The chatter around Your Nation's Capital among the cognoscenti, the intelligentsia, and smarty-pantses over the past 24 hours was: Is there any real meaning to the House vote to repeal Obamacare?

That may not be as poetic as Paul Simon's lyric from his 1966 song Dangling Conversation: We speak of things that matter;
With words that must be said:

"Can analysis be worthwhile;
Is the theater really dead?"

The answer might have been "No. It was all eye wash," but the House Republican Policy Committee followed right on the heels of that vote with a list of programs and policies which, if adopted, would save $2.5 trillion (with a "T") over the next 10 years.
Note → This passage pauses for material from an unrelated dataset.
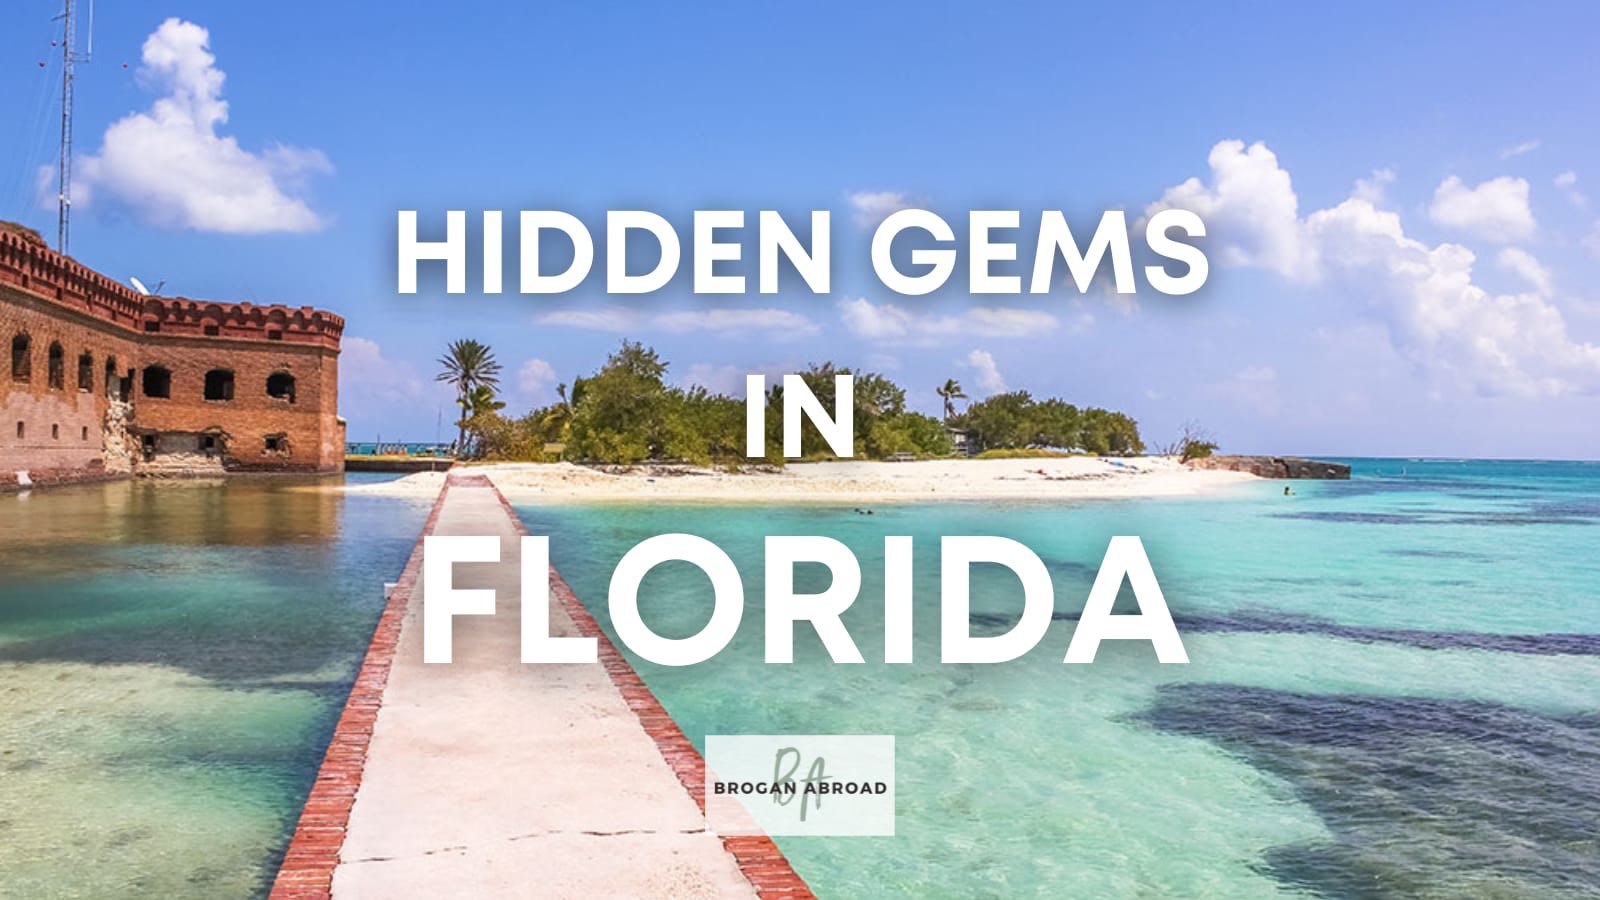 Best Hiking Trails in Florida - Treasure Island Resort Condominium
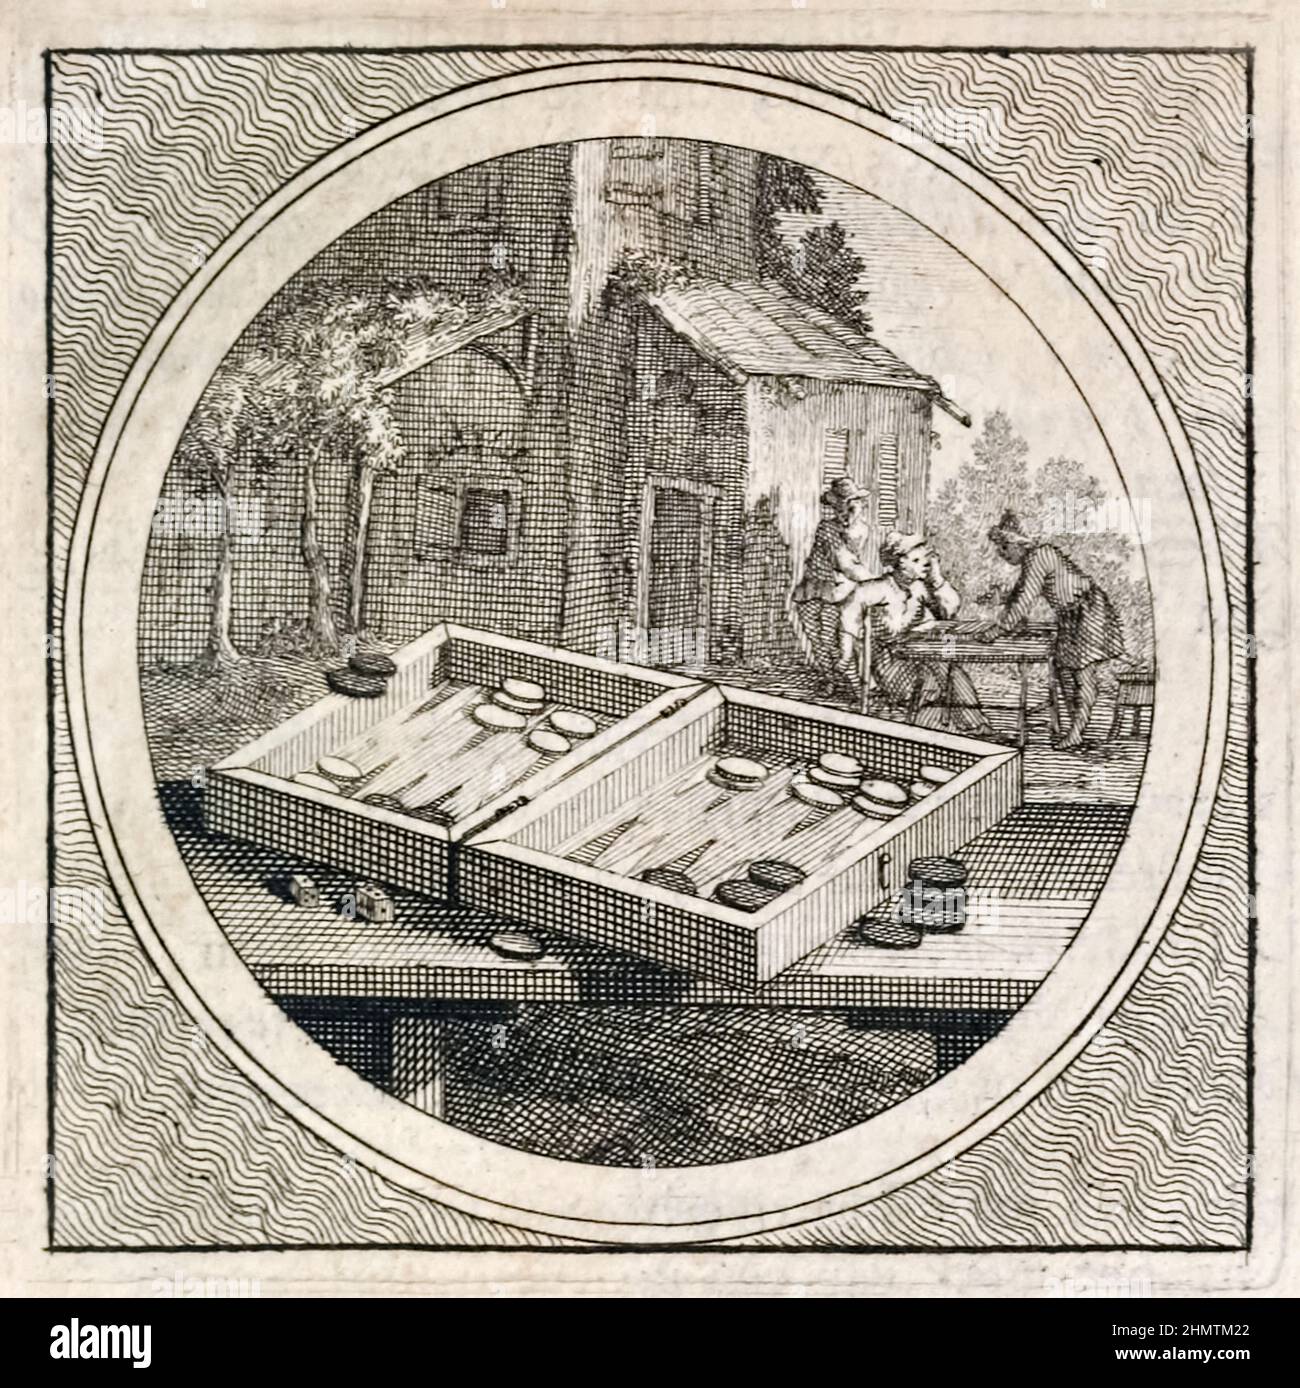 Backgammon-Set und Spieler von Stichtelyke Zinnebeelde von Arnold Houbraken (1660-1719). Foto der Originalgravur, veröffentlicht im Jahr 1723. Stockfoto

Someone far wiser than I once said that every line in the United States Internal Revenue Code has a constituent. So it is with every dollar which is spent by the Federal government.

Here are some of the big cuts:

A 15 percent reduction in the number of civilian Federal employees. This would be accomplished by attrition rather than outright firings. According to the plan only one employee could be hired for every two who left until the reduction number was met. The Committee doesn't break out the amount which would be saved, but says it is part of the overall $2.29 trillion in discretionary spending cuts over 10 years.It also doesn't say whether it applies just to the Executive Branch, or also would be applied to the Legislative and Judicial Branches.

Some cuts are called for in programs I didn't even know existed. As an example, cutting out the "Hope VI Program" will save $250 million per year. I looked it up for you. According to the HUD.GOV web page: "The HOPE VI Program was developed as a result of recommendations by National Commission on Severely Distressed Public Housing, which was charged with proposing a National Action Plan to eradicate severely distressed public housing."

There. Now you know as much as I do.

Amtrak is heavily subsidized. To the tune of $1.565 billion per year. Let's round down to $1.5 billion per year. I use Amtrak to travel to New York from Washington, DC, but I don't think I'm worth a billion and a half per.

The plan calls for cutting the Federal Travel Budget in half which will save $7.5 billion per year. Again, it is not clear whether this includes Congressional travel, but I have a suggestion: Only allow members of the House and Senate to travel to their home States or Districts six times per year on the public dole. More than that, they have to use campaign funds.